Если отнести повесть Германа к данному жанру, «Отчаяние» можно сравнить с «криминальным» романом Достоевского «Преступление и наказание». Этого «густо психологического» автора Герман не раз передразнивает. Но вместо психологически-религиозной развязки Достоевского Набоков предлагает в своем романе развязку чисто литературную. Вопрос, конечно, не в том, кто убийца, а в том, с чем связан художественный просчет, который погубил произведение и его творца.
Если повесть Германа является зеркальным отражением преступления, а криминалистическое расследование ведет к обличению преступника и к раскрытию его ошибки, то та же ошибка, по всем правилам литературного следствия, должна обнаружиться и в самом тексте повести. Вот почему после провала идеального плана, в одиннадцатой сверхурочной главе, Герман с таким трепетом принимается за перечитывание своей рукописи:
В ночной рубашке, стоя у стола, я любовно утряхивал в руках шуршащую толщу исписанных страниц. Затем лег опять в постель, закурил папиросу, удобно устроил подушку под лопатками, — заметил, что рукопись оставил на столе, хотя казалось мне, что все время держу ее в руках; спокойно, не выругавшись, встал и взял ее с собой в постель, опять устроил подушку, посмотрел на дверь, спросил себя, заперта ли она на ключ или нет, — мне не хотелось прерывать чтение, чтобы впускать горничную, когда в девять часов она принесет кофе; встал еще раз — и опять спокойно, — дверь оказалась отпертой, так что можно было и не вставать; кашлянул, лег, удобно устроился, уже хотел приступить к чтению, но тут оказалось, что у меня потухла папироса, — не в пример немецким, французские требуют к себе внимания; куда делись спички? Только что были у меня. Я встал в третий раз, уже с легкой дрожью в руках, нашел спички за чернильницей, а вернувшись в постель, раздавил бедром другой, полный коробок, спрятавшийся в простынях, — значит, опять вставал зря. Тут я вспылил, поднял с пола рассыпавшиеся страницы рукописи, и приятное предвкушение, только что наполнявшее меня, сменилось почти страданием, ужасным чувством, что кто-то хитрый обещает мне раскрыть еще и еще промахи, и только промахи. Все же, заново закурив и оглушив ударом кулака строптивую подушку, я обратился к рукописи.
(III, 520–521)
Этот длинный отрывок я привел полностью по двум причинам. Во-первых, потому, что здесь отдаляется и затормаживается роковая развязка, т. е. полное разоблачение Германа как убийцы и как писателя; во-вторых — из-за назойливого мотива папиросы. Согласно древней блатной традиции, «закурить» — значит капитулировать. Преступник, которому уже некуда отступить, перед тем как отдаться в руки закона, закуривает. По той же традиции палач накануне казни предлагает приговоренному закурить.{87}
Классический исследователь детективного жанра Ван Дайн когда-то написал:
Разгадка должна всегда присутствовать в тексте, так чтобы читатель, перечитав книгу, убедился, что он мог бы найти ее, если бы у него хватило сообразительности.{88}
Вот каким образом автор подводит своего героя, а с ним и читателя, к роковой развязке, сокрытой в самом тексте Германа:
«…Садись, скорее, нам нужно отъехать отсюда».
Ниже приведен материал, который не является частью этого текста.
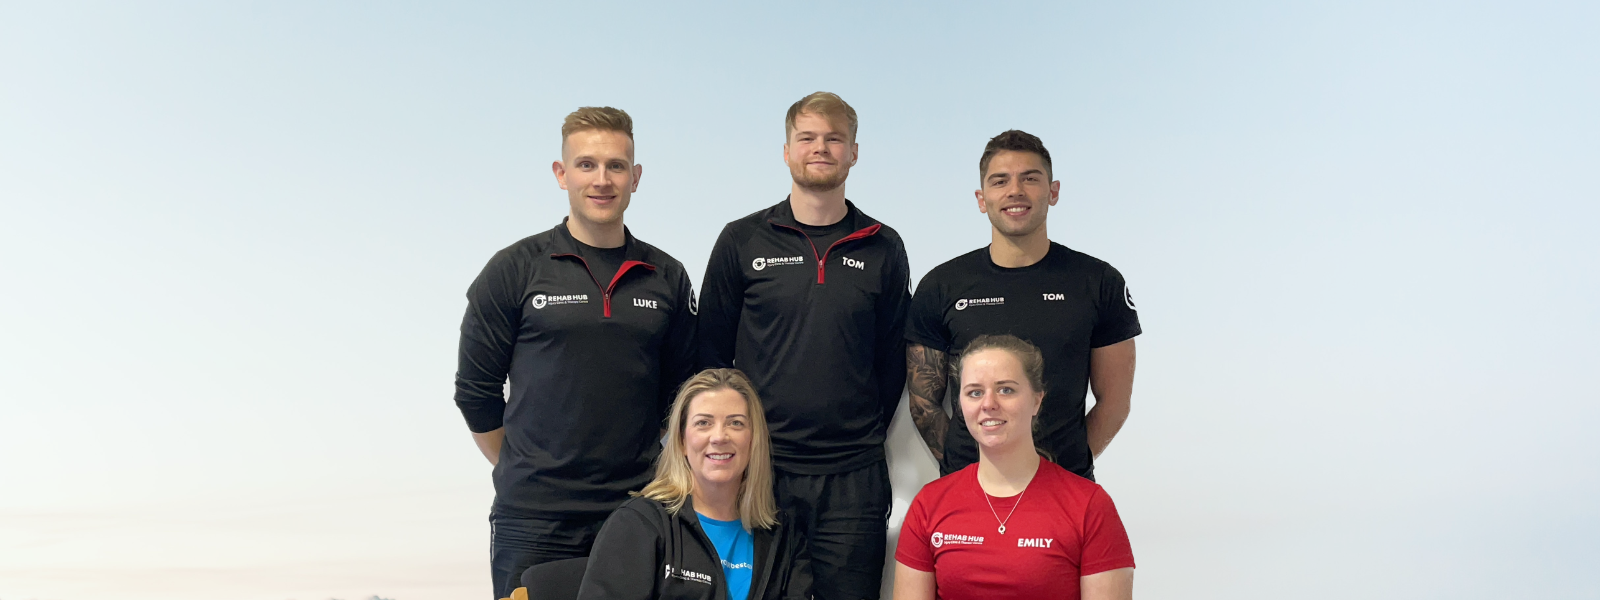 physiotherapy, sports therapy and osteopathy team photo
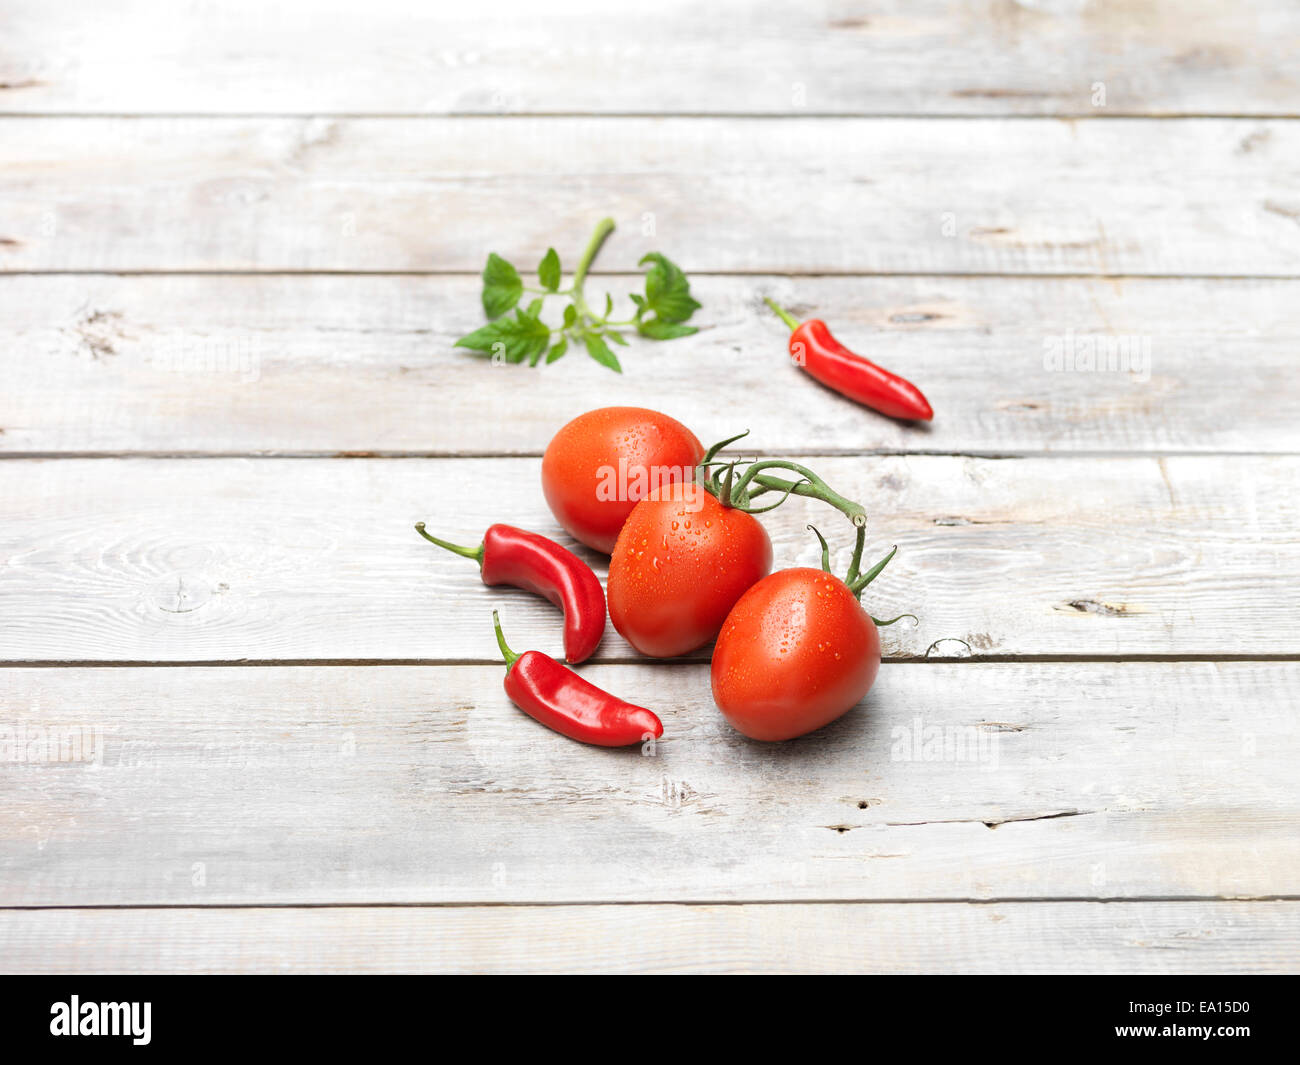 Red chilli, juicy sweet tomatoes, raw green basil Stock Photo

«Куда?» — полюбопытствовал он.
«Вон в тот лес».
«Туда?» — спросил он и указал…
Палкой, читатель, палкой. Палкой, дорогой читатель, палкой. Самодельной палкой с выжженным на ней именем: Феликс такой-то из Цвикау. Палкой указал, дорогой и почтенный читатель, палкой, — ты знаешь, что такое «палка»? Ну вот — палкой, — указал ею, сел в автомобиль и потом палку в нем и оставил, когда вылез… Вот какая вещь — художественная память! Почище всякой другой. «Туда?» — спросил он и указал палкой. Никогда в жизни я не был так удивлен…
Я сидел в постели, выпученными глазами глядя на страницу, не мною же — нет, не мной, а диковинной моей союзницей — написанную фразу, и уже понимал, как это непоправимо. Ах, совсем не то, что нашли палку в автомобиле и теперь знают имя, и уже неизбежно это общее наше имя приведет к моей поимке, — ах, совсем не это пронзало меня, а сознание, что все мое произведение, так тщательно продуманное, так тщательно выполненное, теперь в самом себе, в сущности своей, уничтожено, обращено в труху допущенною мною ошибкой.
(III, 521–522)
Пять раз на протяжении повести упоминается эта несчастная палка, и пять раз она остается не замечена Германом. Даже в самом конце, уже после провала его замысла, Герман непоправимо слеп и глух по отношению к этой палке, в данном случае к буквенному составу слова «палка».
Палка, — какие слова можно выжать из палки? Пал, лак, кал, лампа (sic!).
(III, 527)
В романе «Отчаяние» палка выступает не только как определенный символ падения (палка — пал — падение), но является одновременно и неким инструментом возмездия, которым автор наказывает героя за его преступление. Второй раз у Набокова ошибка с палкой (тростью) оказалась роковой для писателя и его произведения. В первый раз, в уже рассмотренном нами рассказе «Уста к устам», «трость» два раза мстит незадачливому литератору Илье Борисовичу. Второй раз, в «Отчаянии», двоюродная ее сестра — «палка» — предъявляет свой двойной иск незадачливому Герману. Ирония в том, что повесть, которую Герман писал в доказательство своей гениальности как убийцы и как писателя, превращается в доказательство его провала. Герман оказался дважды убийцей. Перефразируя его же нелепый пересказ пушкинского «Выстрела» (III, 424), можно сказать, что Герман наповал убивает любителя воробьев, а с ним и фабулу своего произведения. Детективный рассказ оказался дефектным. Как убийство двойника, так и повесть о нем оказались самоубийственными для убийцы и автора.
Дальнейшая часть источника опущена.